People who registered to vote this year accounted for a greater share of voters — about 8 percent — than those who registered in any other year. Overall, nearly one in five of the 134,066 New Yorkers who put their name on the voter roll after the June primary cast their ballot during the early-voting period.
3. Many voters from working class neighborhoods have not yet turned out
Voters from wealthier neighborhoods were significantly more likely to have cast their ballots early. While 17 percent of registered voters had turned out early in areas where most households make more than the citywide median income of about $75,000, just 8 percent of registered voters did in neighborhoods where most households make less than that.

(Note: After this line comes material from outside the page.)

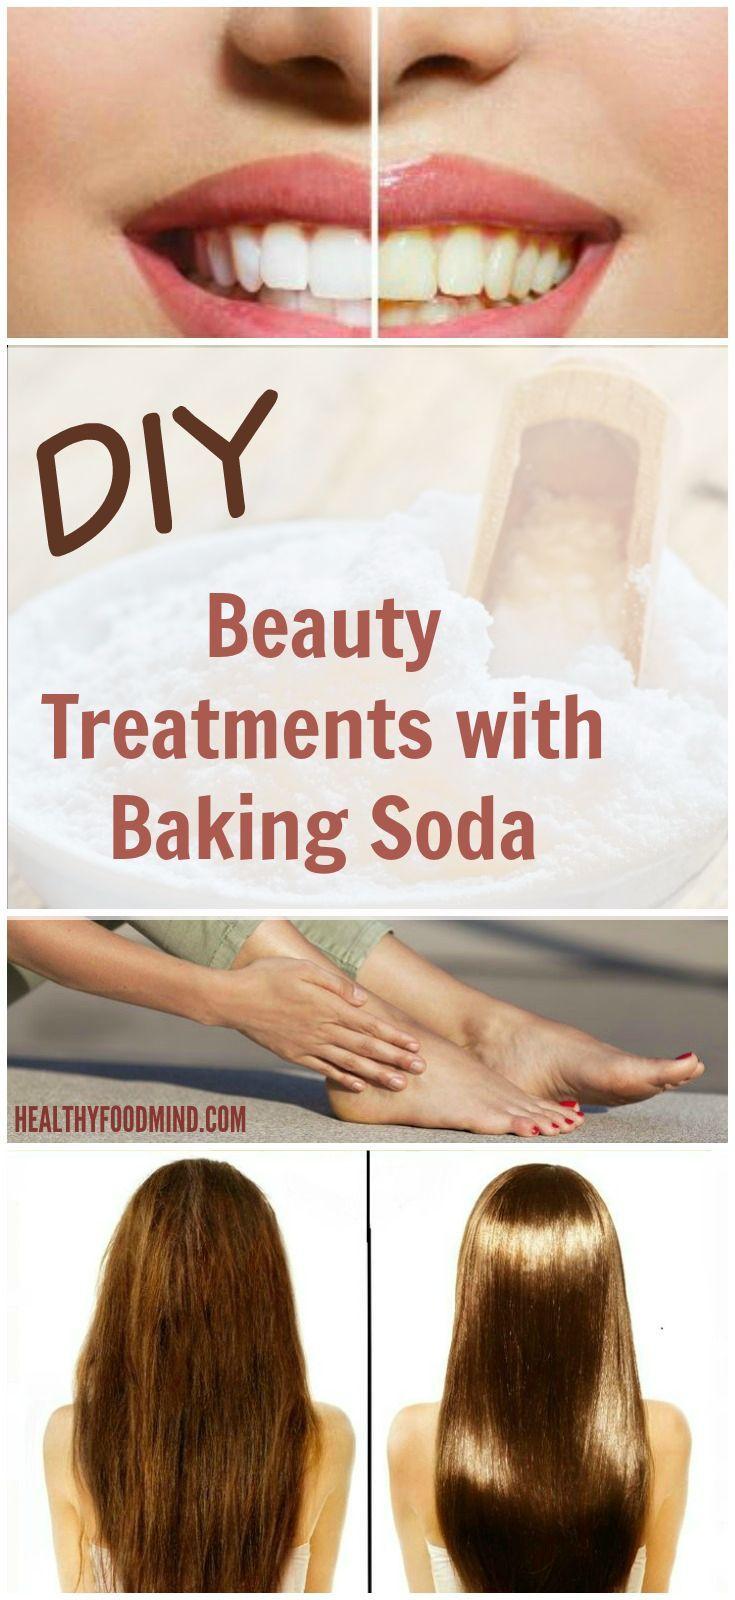 DIY Beauty Treatment with Baking Soda #HeathandBeauty #Win

Votes in these working-class neighborhoods were slightly more likely than those in higher-income neighborhoods to have favored former Governor Andrew Cuomo during the Democratic primary.
4. Voters who aren’t registered with a party were least likely to vote early
The share of registered Democrats and registered Republicans who cast their ballots early were roughly the same, at 15 percent. But just 8 percent — or 90,711 of more than 1.1 million — of voters who are not registered with a party turned out early.
These unaffiliated voters, who can’t vote in the city’s primary elections in which only party members can vote on their nominees, make up 21 percent of all voters. They are most concentrated in the southeast parts of Brooklyn, where Cuomo prevailed in the primary, and in northeast Queens, where Mamdani and Cuomo were neck and neck.